The resist composition of the present invention can be used very effectively as a resist material for ArF excimer laser, which is a promising next-generation exposure technology. Therefore, the present invention has great value for forming fine patterns in the semiconductor industry, for example.

Claims (4)

[Claims] 1. A compound of the general formula [1a] (Wherein, X represents a polycyclic hydrocarbon group which may have a substituent, Z represents a spacer or a bond, and R represents a substituted alkyl group or a substituted alkyl group having one or two protected hydroxyl groups. A resist composition comprising a polymer comprising a monomer unit represented by an alkenyl group) as a constituent unit, a photosensitive compound capable of generating an acid upon exposure, and a solvent capable of dissolving the same. 2. A substituted alkyl or alkenyl group having one or two protected hydroxyl groups represented by R in the general formula [1a] is represented by the general formula [5]: (Wherein R ^{1 and} R ² each independently represent a hydrogen atom, an alkyl group, a substituted alkyl group or an aliphatic polycyclic hydrocarbon group, and R ¹ and R ² are bonded to each other; R ³ may be an aliphatic ring together with an adjacent carbon atom.

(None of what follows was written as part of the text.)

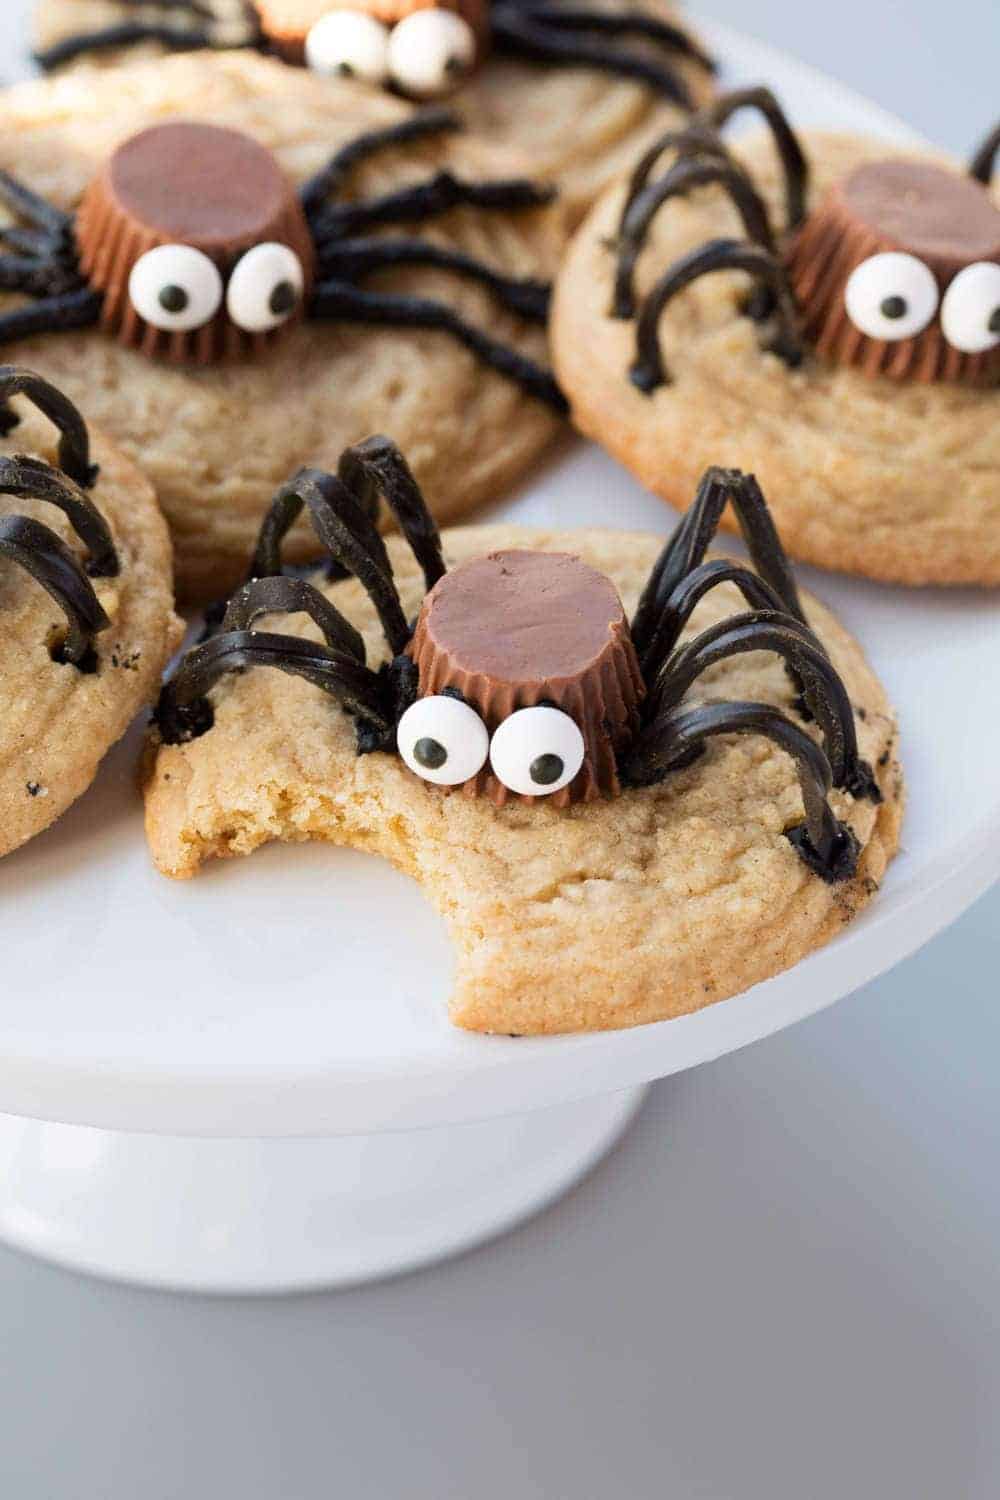 Spider cookies together.

Represents an alkyl group, an alkenyl group, a hydroxyalkyl group,
Represents an alkyloxycarbonyl group or an alkylsilyl group. ) Or the general formula [6] (In the formula, R ⁴ represents an alkyl group, R ¹ , R ² and R ³ are the same as those described above. Further, a methylene chain or a substituted or unsubstituted methylene chain may be bonded to R ³ and R ⁴ . May form an aliphatic ring which may have a group).

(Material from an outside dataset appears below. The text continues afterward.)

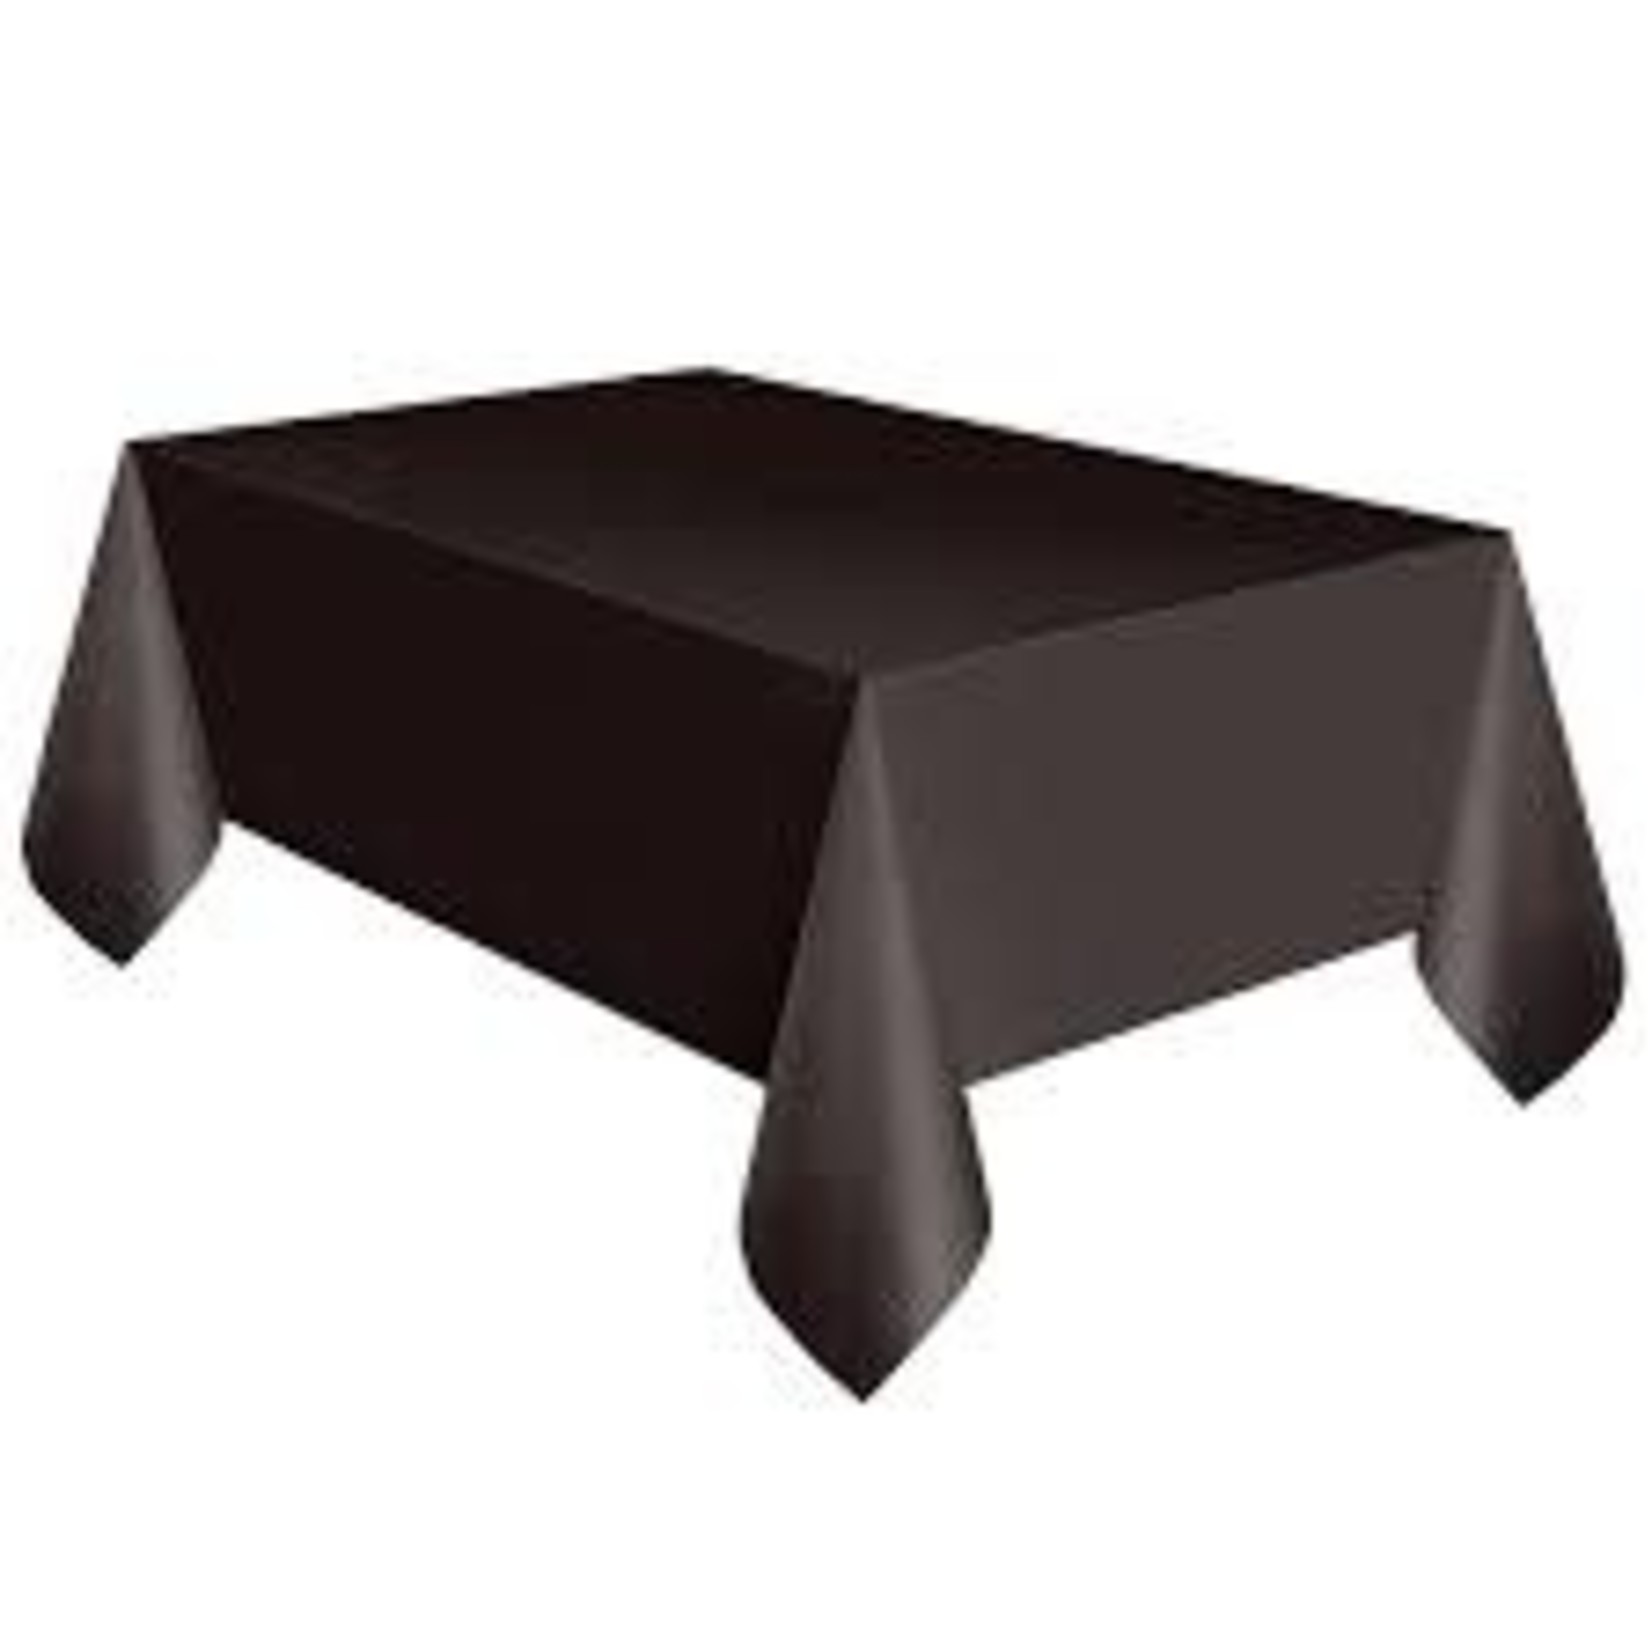 Black Plastic Table Cover 54x108

The resist composition according to claim 1. 3. The polycyclic hydrocarbon group represented by X in the general formula [1a], which may have a substituent, is represented by the general formula [2a]: (Wherein, R ¹⁶ and R ¹⁷ each independently represent a hydrogen atom, an alkyl group, a cyano group, an alkyloxycarbonyl group or a carbamoyl group, and k represents 0 or 1), and a general formula: [3a] embedded image (Wherein, R ¹⁸ and R ¹⁹ each independently represent a hydrogen atom, an alkyl group, a cyano group, an alkyloxycarbonyl group or a carbamoyl group), or a general formula [4
a] embedded image The resist composition according to claim 1, which is a group represented by the formula: 4. Exposing the resist composition according to claim 1 to a substrate, and (2) exposing with a light of 220 nm or less through a mask after a heat treatment. A pattern formation method comprising: a step of performing (3) a heat treatment as necessary and then developing using a developer.